The draft office later invited Semyon to a review of his AGS request. “But they barely listened and kept interrupting me,” he told Meduza. “They tried to shame me for not wanting to serve in the army, asking questions like: ‘What if your family were attacked? What if you were attacked on the street — what would you do?’” Ultimately, the board said it wasn’t convinced of Semyon’s conscientious objections and denied his application on a procedural technicality, ruling that he’d missed the AGS filing deadline. The military’s deadlines for seeking alternative service, Semyon would soon learn, are impossible by design.
In later conscription cycles, Semyon applied again for AGS. His interactions with the draft board became openly hostile after he refused on one occasion to introduce himself according to official protocol. As a result, enlistment officers said they would communicate with him only in writing.
Ahead of the spring 2024 conscription cycle, Semyon says he decided to file another AGS application, afraid that he could no longer “hide” until aging out of the draft, since lawmakers had raised the maximum age to 30. However, when the draft board summoned him for another medical examination, the order arrived when he was on sick leave. When Semyon didn’t report for the exam, the draft officers involved the police.
Semyon eventually met again with the board to discuss his latest alternative service application, but he says the head recruiter called him into his office and stated bluntly that he’d never approve the request. At a subsequent hearing, as promised, the commission issued another rejection.
Throughout this process, Semyon learned that the deadlines regulating AGS applications effectively grant draft boards the ability to refuse any request on technical grounds:
If you want alternative service, they’ll turn you down if you apply less than six months before draft time. And if it’s six months or more, that only works if you’ve still got a deferment or you’re under 18 — otherwise, you’re up for the draft every round. But there’s only ever about four months between drafts, so it’s impossible to get your application in early enough. It’s a catch-22 that the draft boards use.
In December 2024, after another AGS rejection, a state inspector started investigating allegations that Semyon had evaded the draft board. However, officials decided not to press charges — an outcome Semyon attributes to his consultations with the group Soldiers’ Mothers of St.
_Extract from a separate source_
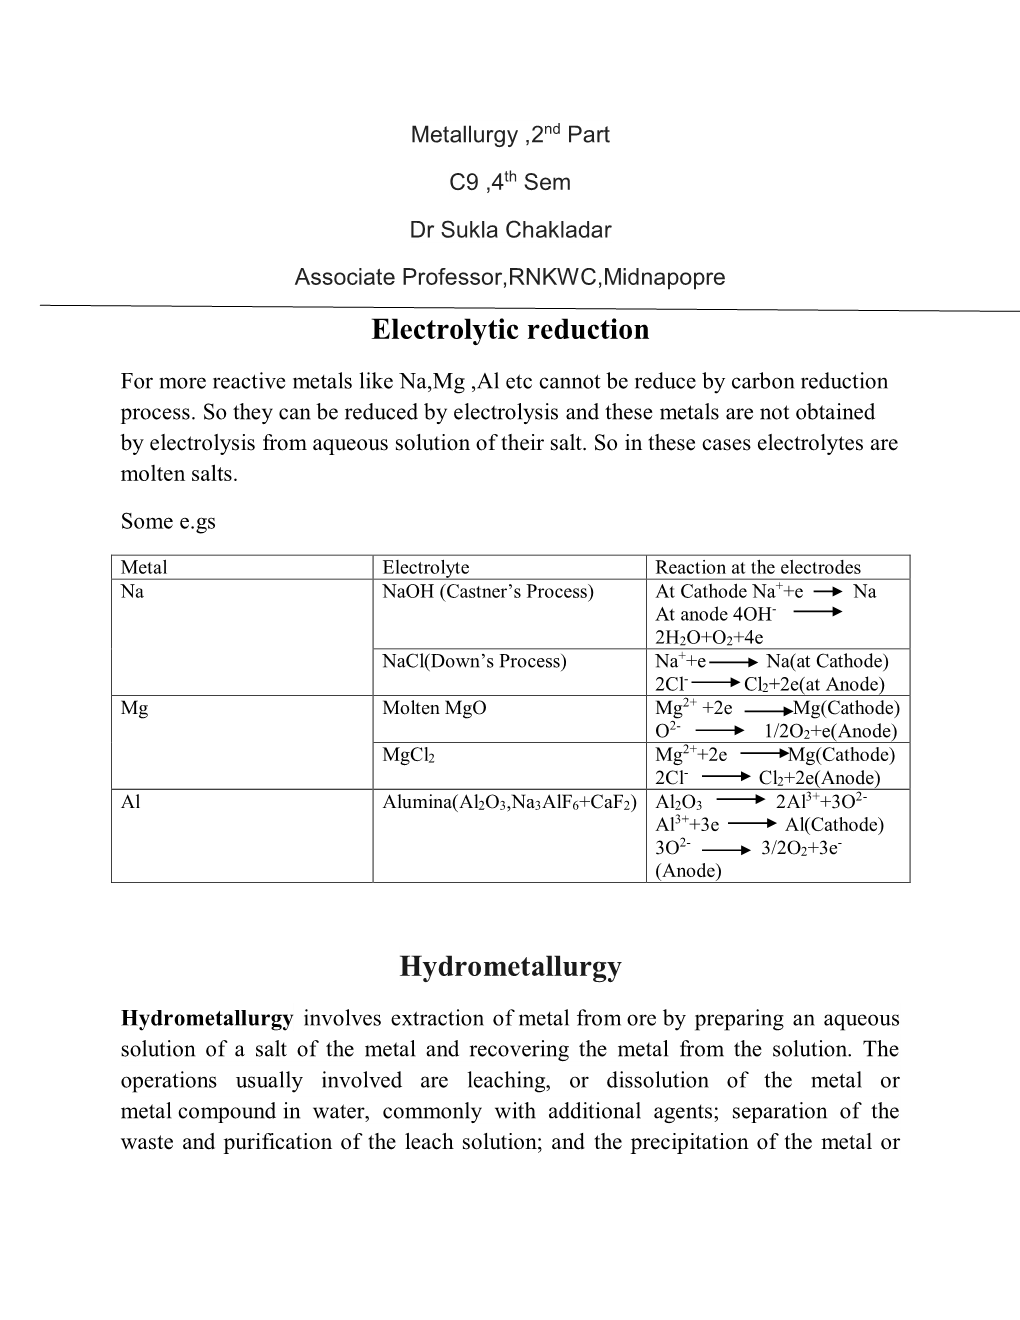 Electrolytic Reduction Hydrometallurgy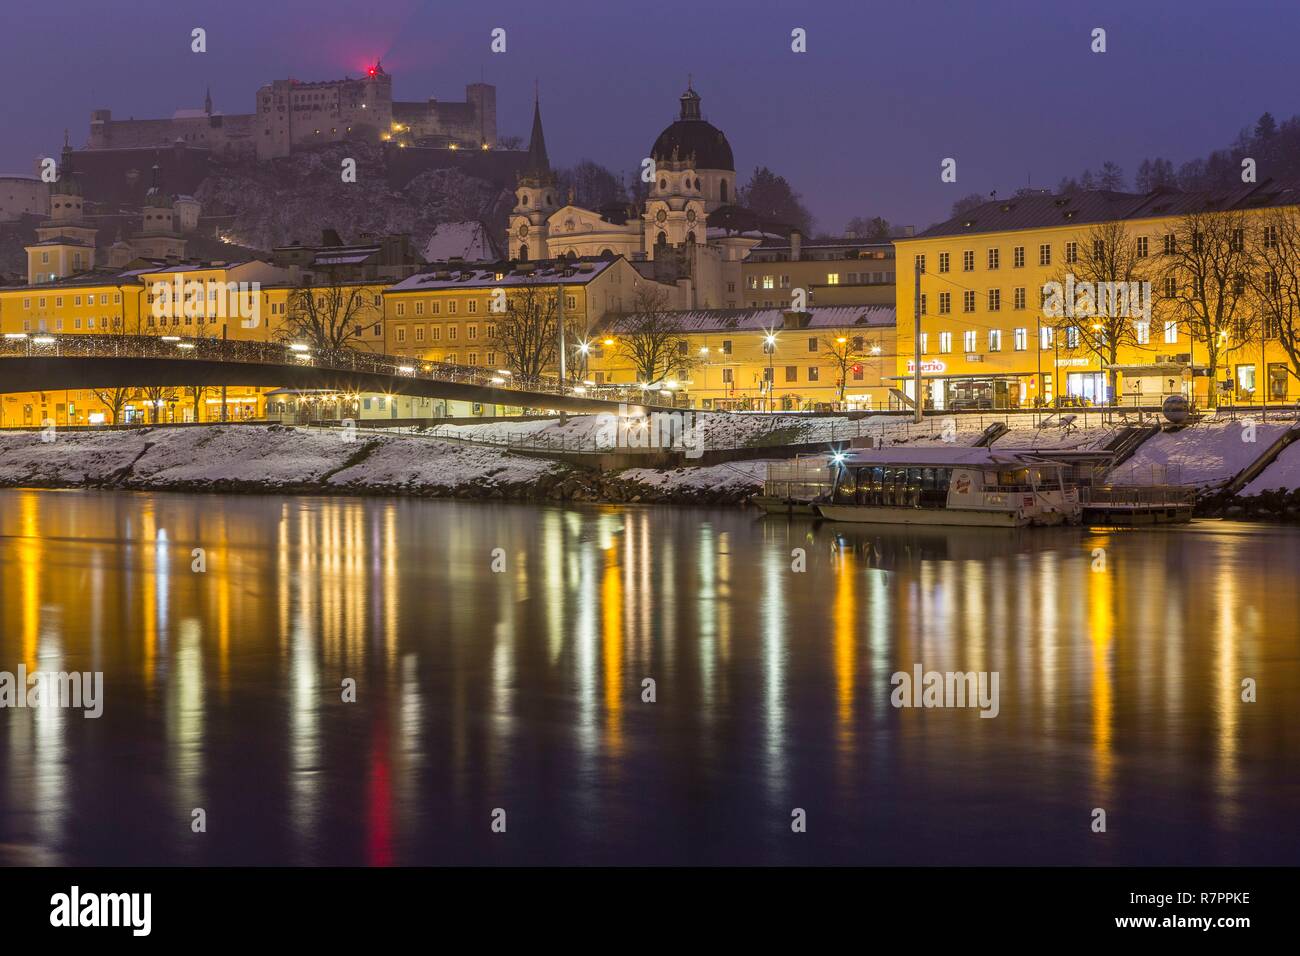 Austria, Salzburgo, centro histórico catalogado como Patrimonio Mundial por la UNESCO, el casco antiguo (Altstadt) y el Castillo de Hohensalzburg Foto de stock

Petersburg and the many hours he spent in online chat rooms, researching how to navigate Russia’s conscription system.
“Now I kinda get how things work,” Semyon told Meduza, urging Russian men interested in applying for AGS to build a paper trail as early as possible. “You need to get ready first — not just with talk, but actual documents. Write some pacifist articles in a magazine or online. Volunteer somewhere. You need something solid, some document that backs up your beliefs.”
Despite the difficulties he’s faced exercising his constitutional right to alternative civilian service, Semyon says he still loves his country and plans to remain in Russia. “Sure, there’s stuff that annoys me, but there’s a lot that I love too,” he told Meduza. “I wouldn’t want to leave and lose all that.”